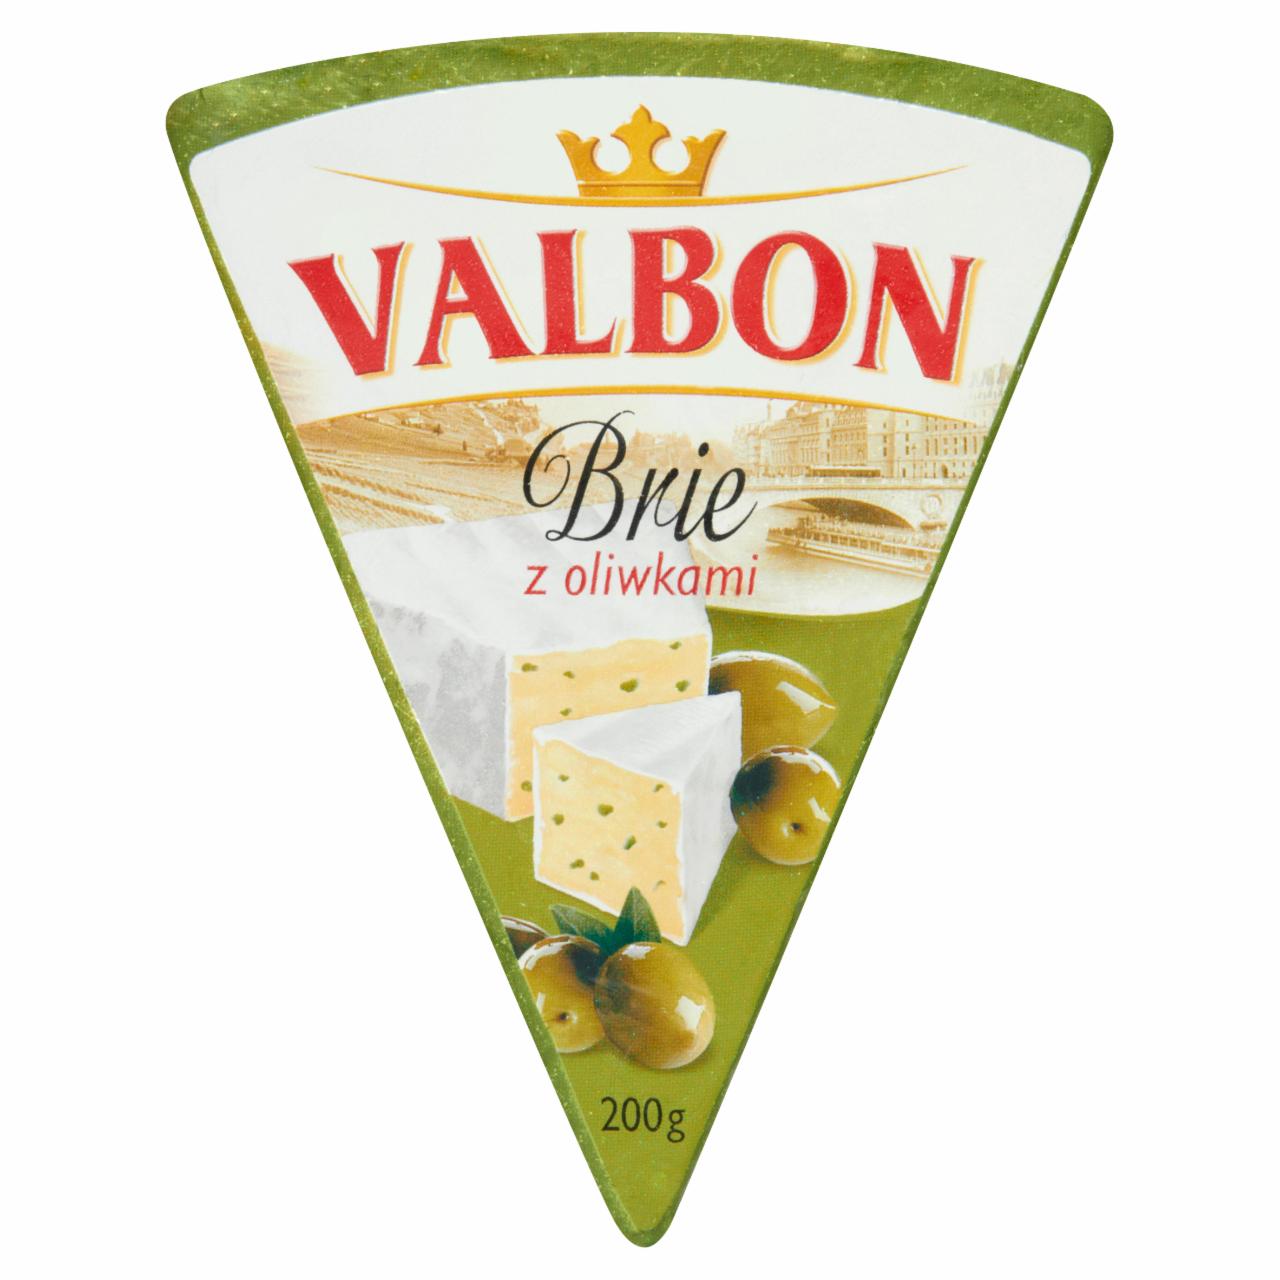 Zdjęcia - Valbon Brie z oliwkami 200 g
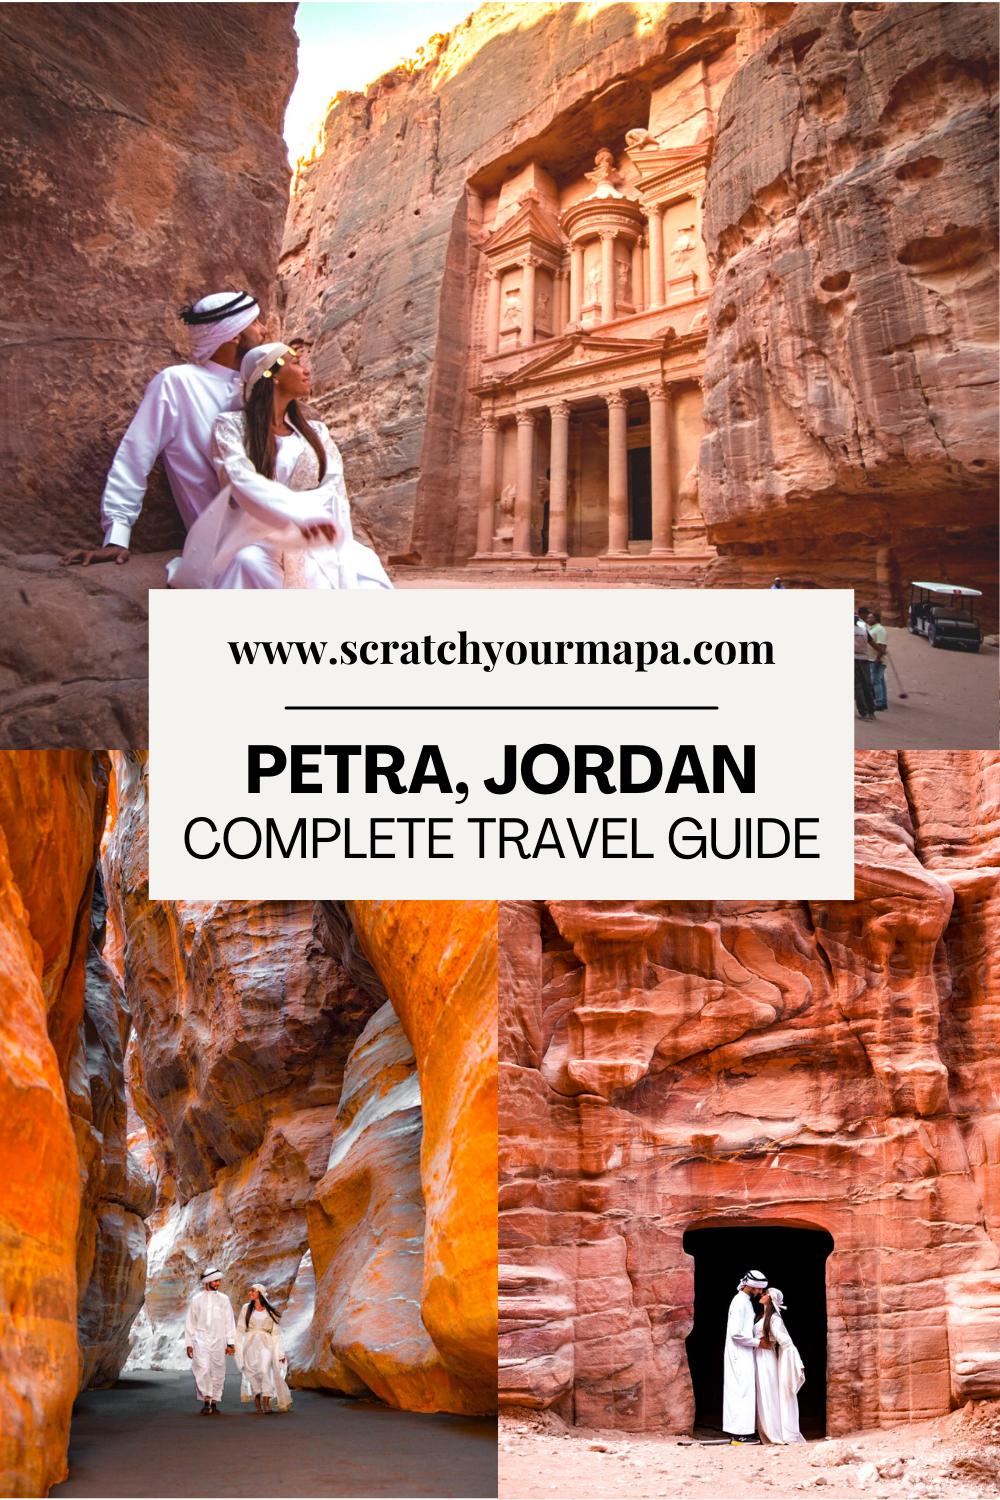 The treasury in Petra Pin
...
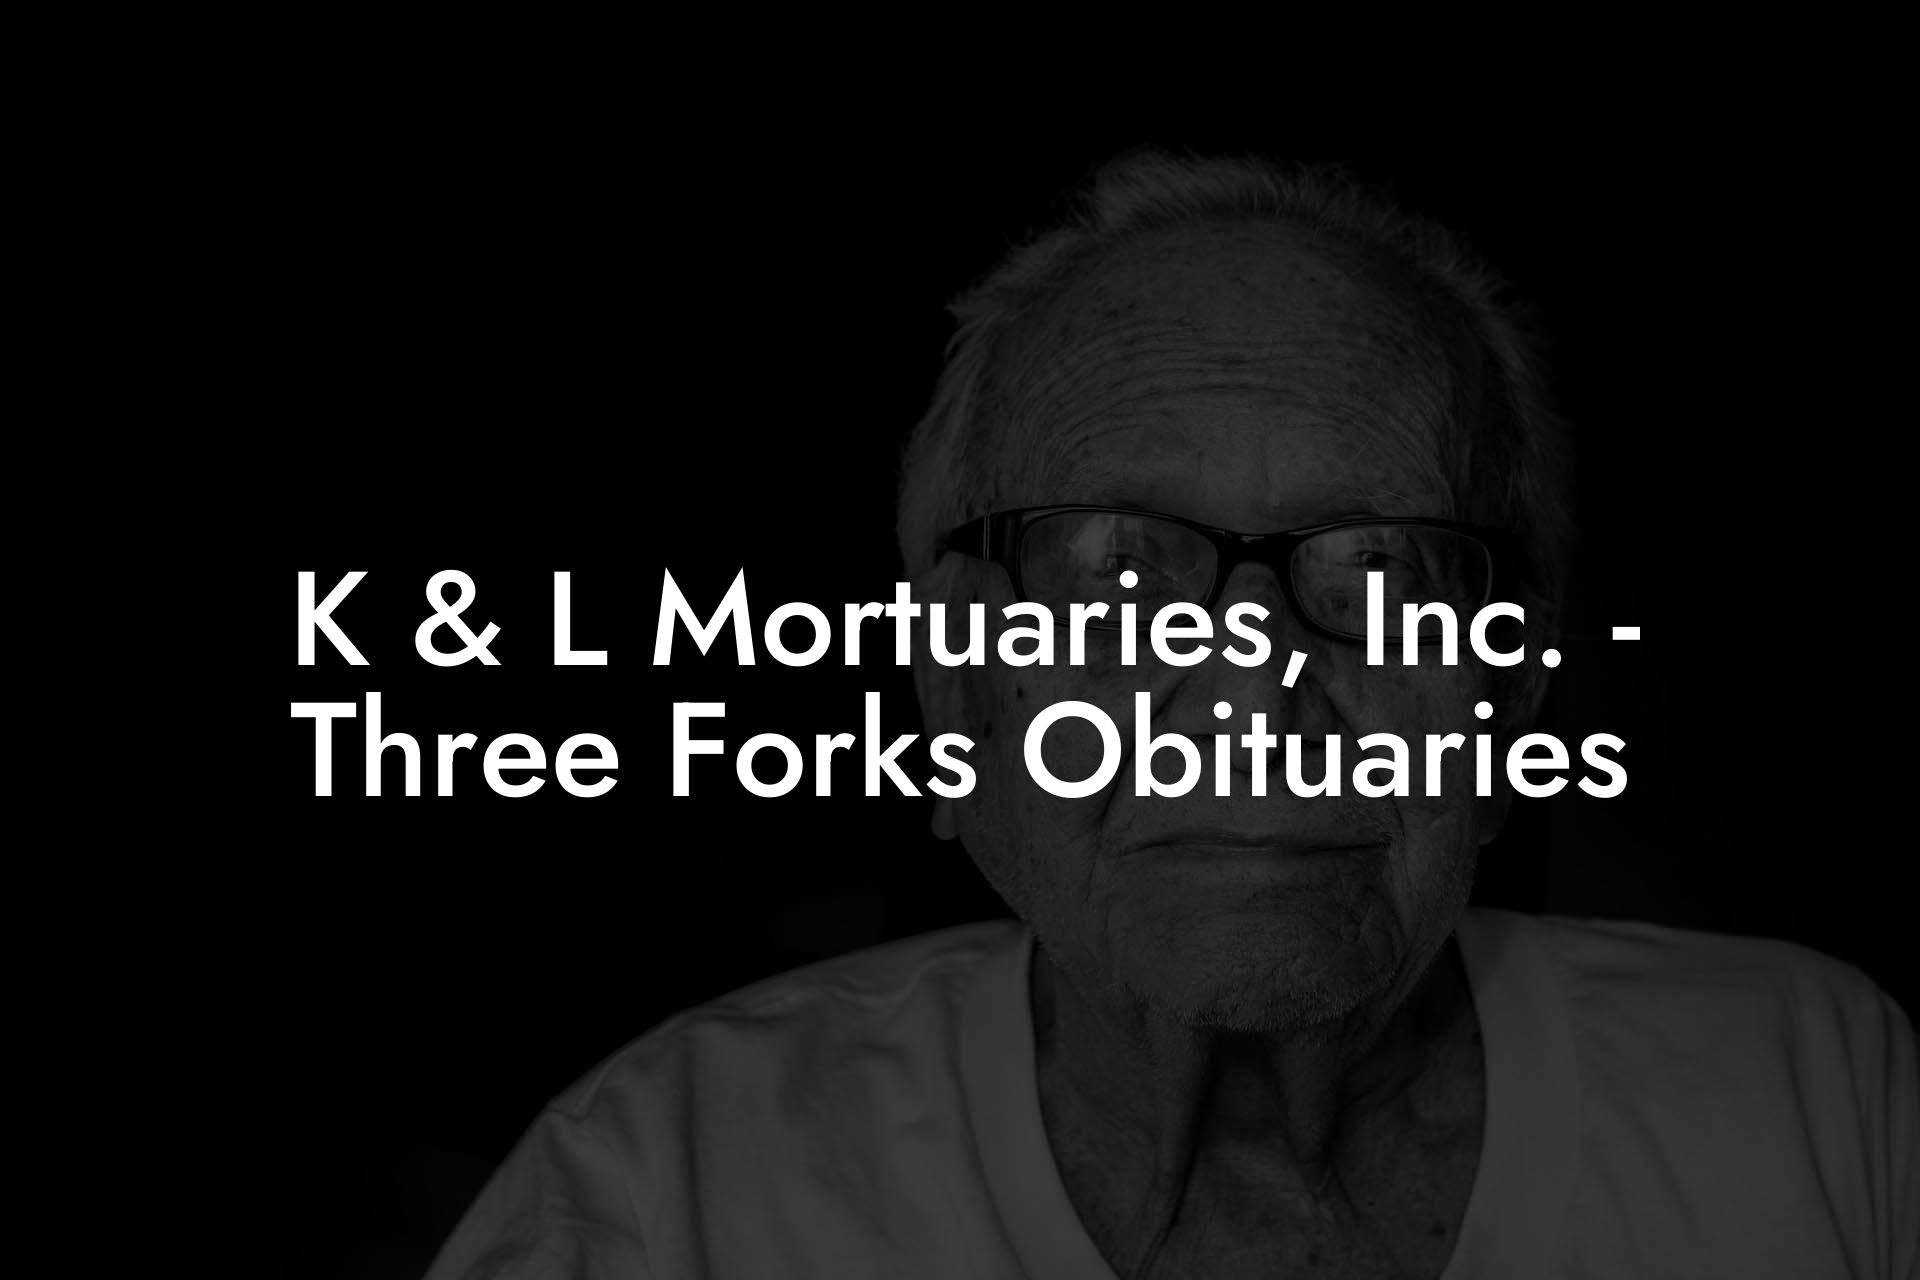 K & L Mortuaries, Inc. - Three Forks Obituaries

> **THE TASK**: Leaving all pictures out, output exactly the lines of the material above from the line with "Zdjęcia - Valbon Brie z oliwkami 200 g" to the line with "The treasury in Petra Pin", both included.

> **SOLVED EXERCISE**:
 Zdjęcia - Valbon Brie z oliwkami 200 g
 The treasury in Petra Pin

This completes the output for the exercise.